Offshore CO2 storage “unlikely” to attract private investment unless government shoulders financial risk

Offshore CO2 storage is not an attractive investment proposition for the private sector, according to the Carbon Capture and Storage Association (CCSA) and government must shoulder the financial risks if CO2 projects are to go ahead.

The associations’s new report into UK CCS programmes said: “The full-chain private sector business model… is unlikely to work in the future. Investing in offshore CO2 storage is currently not, and – under the current policy and regulatory framework – is unlikely to become, an attractive investment proposition for the private sector. This is primarily due to the onerous financial security requirements, uncertain costs and the CO2 storage liabilities.”

It continued: “The likelihood and consequence of cross-chain default by either the capture operator or the transport or storage operator proved to be a major challenge to both debt and equity investors in all parts of the CCS chain…It is now clear that HMG would have had to accept the majority of the financial risks arising from developing, operating, monitoring and decommissioning the new CO2 stores.”

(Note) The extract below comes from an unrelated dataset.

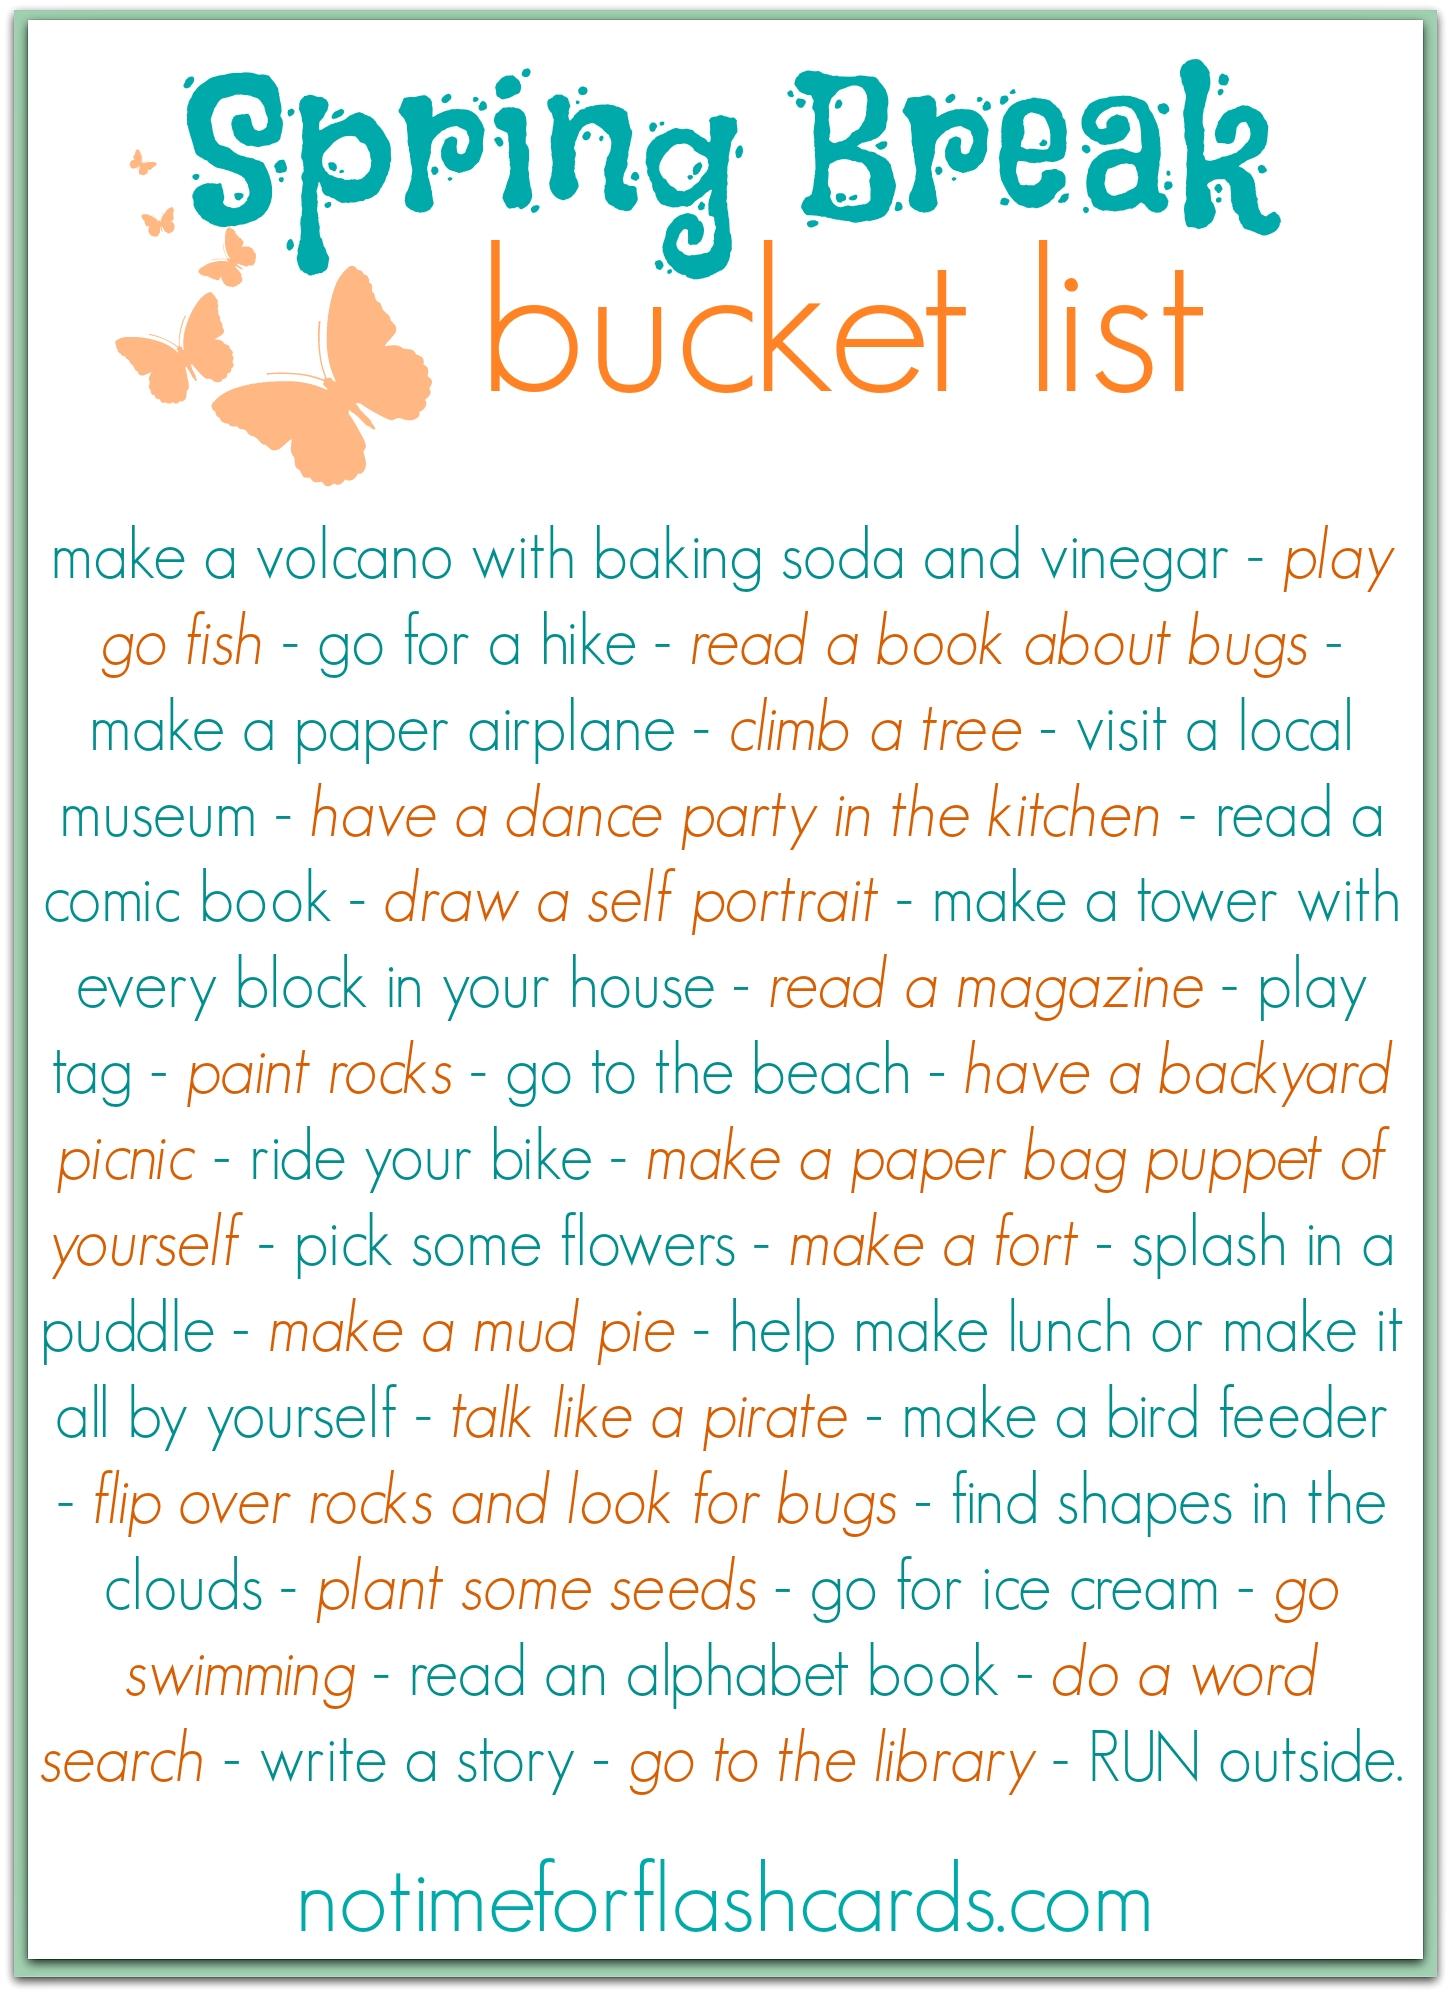 10 Attractive Spring Break Ideas For Kids spring break bucket list free printable free printable buckets 2021

This is one of 36 key lessons for industry and policy makers in the new report, which particularly focused on the impact of the cancelled CCS competition. The report is based on interviews with the two preferred bidders; the Shell Peterhead project and the Capture Power White Rose project, as well as interviews with a number of other companies interested in developing CCS projects.

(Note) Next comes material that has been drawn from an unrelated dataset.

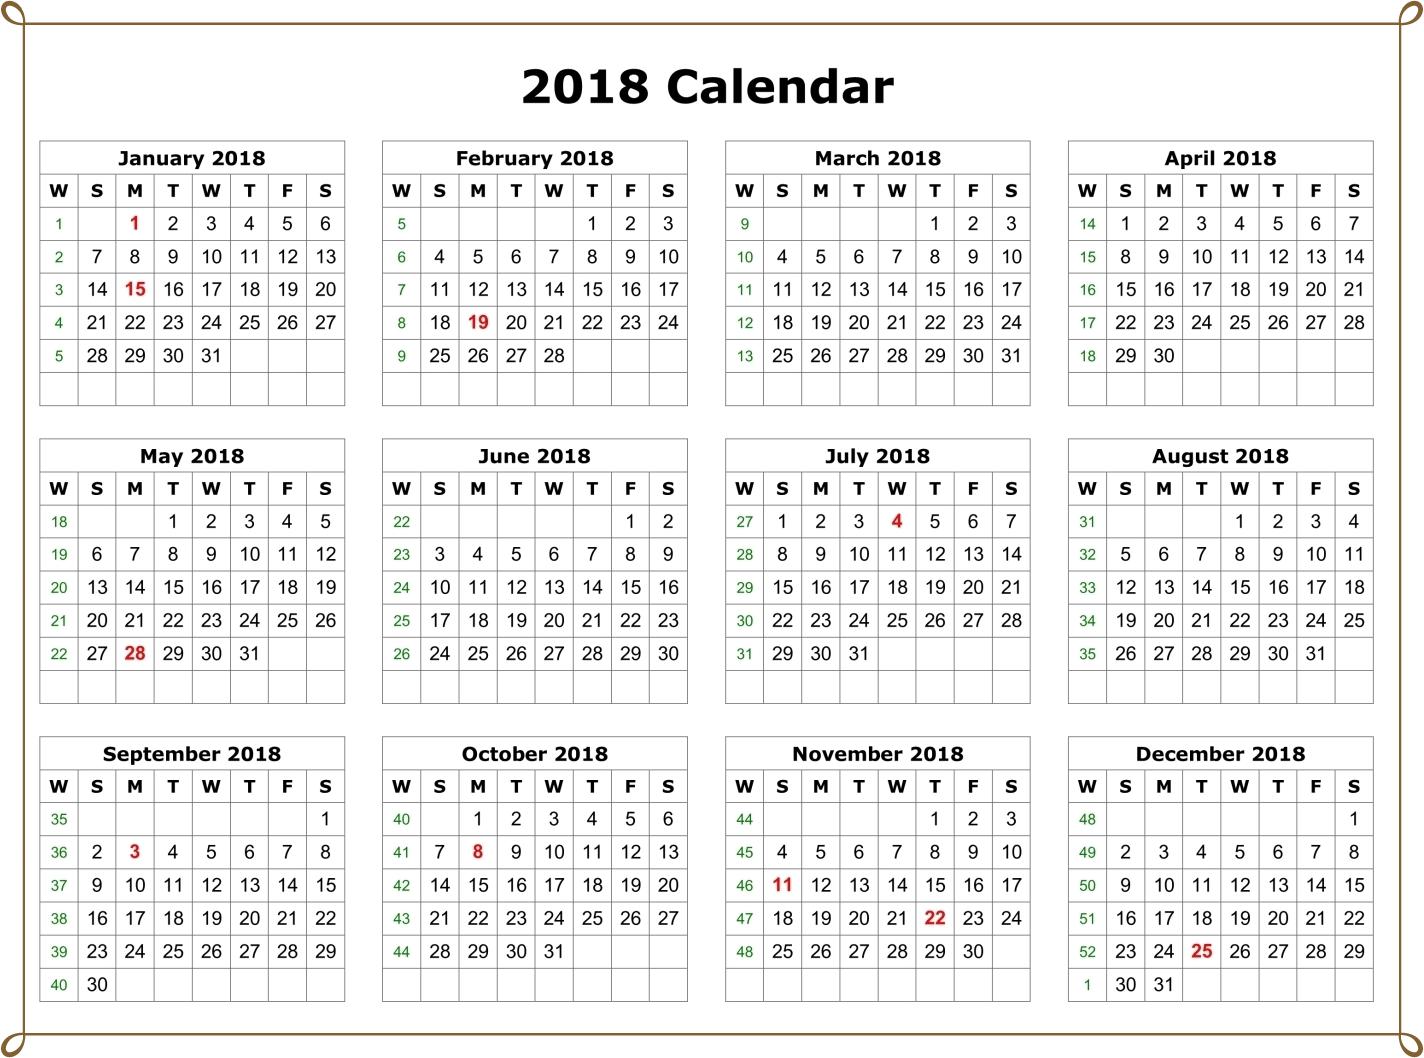 png transparent images. Clipart calendar april 2018

Luke Warren, chief executive of the CCSA, commented: “The CCSA has partnered with Patrick Dixon, former Expert Chair of the Office for CCS in DECC, on this report. Patrick has worked tirelessly with the CCSA and project developers to capture the important insights into the delivery of large-scale CCS projects. The report highlights that there were no technical barriers to delivery but that any future CCS programme will have to address a number of outstanding commercial challenges. The report also clearly shows that CCS has significant potential for rapid cost reduction. The Government has confirmed its intention to develop a new approach to CCS, and we look forward to working with them to build on these lessons and ensure the successful delivery of CCS”.